Most speech-to-speech translation systems use text as an intermediate mode. So how do you build an automated translator for a language that has no standard written form? A new approach trained neural networks to translate a primarily oral language.
What’s new: Peng-Jen Chen, Kevin Tran, Yilin Yang and teammates at Meta described a system that translates speech between English and Hokkien, which is spoken by millions of people in east Asia.
Key insight: Few people know how to translate between English and Hokkien, which makes it hard to assemble a dataset sufficient for training an English-Hokkien translation model. However, a fair number of people can translate between Mandarin and English and between Mandarin and Hokkien. By translating from English to Mandarin and from Mandarin to Hokkien, it’s possible to build a database of English-Hokkien speech pairs.
The dataset: The authors collected a corpus of English, Mandarin, and Hokkien data. They employed human translators to translate the corpus. They used the translated corpus to synthesize further data.
- The initial corpus comprised (a) videos of Hokkein dramas with subtitles (5.8 hours of which were manually translated from Mandarin text into English text and speech), (b) an existing dataset of Hokkien speech (manually translated into English text and 4.6 hours of English speech), and (c) an existing dataset of English-to-Mandarin speech and text (manually translated into 86 hours of Hokkien speech).
- To synthesize additional English-to-Hokkien speech pairs, the authors used an existing trained model to translate English text with matching speech into Mandarin text. Then, using the Hokkien dramas, they trained a text-to-speech transformer to translate Mandarin text to Hokkien speech. This process yielded 1,500 hours of corresponding English-Hokkien speech.
- They used a similar process to synthesize additional Hokkein-to-English speech pairs (starting with the Hokkien dramas). This process yielded 8,000 hours of corresponding Hokkien-to-English speech.
The translators: Separate speech-to-speech systems with identical architectures translate from Hokkien to English and English to Hokkien, using Mandarin text as a stepping stone between the target languages.

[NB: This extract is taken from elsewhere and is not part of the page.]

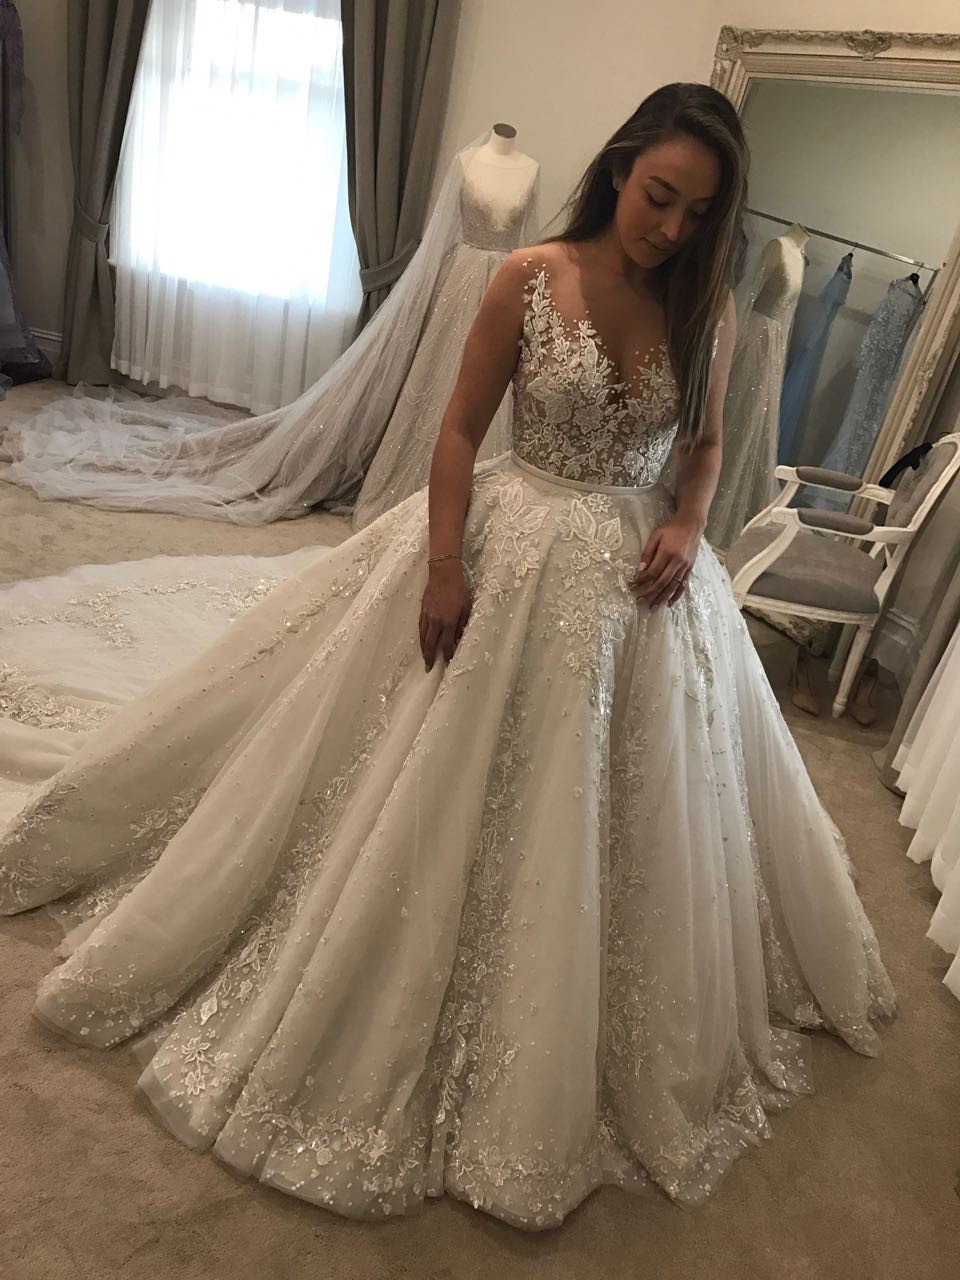 Best Paolo Sebastian Wedding Dress of all time Check it out now

- Given English or Hokkien speech, HuBERT encoders and HiFi-GAN decoders learned to convert English and Hokkien speech to tokens and back.
- Given English or Hokkien speech, separate wav2vec 2.0 transformers learned to convert them into tokens.
- Given English or Hokkein tokens, separate mBART decoders learned to turn them into Mandarin or English text respectively.
- Given the resulting text, two transformer layers learned to translate it into Hokkien or English speech tokens.
- At inference, the HiFi-GAN decoder converts those tokens into speech.
Results: The authors compared their system to a baseline of their own design that translated directly between the spoken languages using an encoder-decoder. They evaluated the systems according to ASR-BLEU, which compares text overlap (higher is better) against reference text after translating speech to text. To render Hokkien speech as text for comparison, they developed a separate model that translated Hokkien speech into a phonetic script called Tâi-lô. Converting English to Hokkien, their system achieved 7.3 ASR-BLEU, whereas the baseline achieved 6 ASR-BLEU. Converting Hokkien to English, their system achieved 12.5 ASR-BLEU, whereas the baseline achieved 8.1 ASR-BLEU. Without the augmented data, both their system and the baseline scored worse by 6 ASR-BLEU to 9 ASR-BLEU.
Why it matters: Forty percent of the world’s languages have no standard written form, which means they’re left out of current translation systems. This method provides a blueprint for machine translation of other primarily oral languages.
Yes, but: Hokkien is spoken in several dialects, some of which are mutually unintelligible. So, while this system presumably serves most Hokkien speakers, it doesn’t serve all of them yet.
We’re thinking: The next step is to hook up the Hokkein-English model to existing translators for other languages. Is it good enough? ASR-BLEU scores in the 7-to-12 range are low compared to scores for, say, English-German, which are around 30. And, because translation errors compound from one language to the next, the more intermediate steps required to reach the target language, the lower the final translation quality. One way or another, we want to hear Hokkien speakers talking to everyone!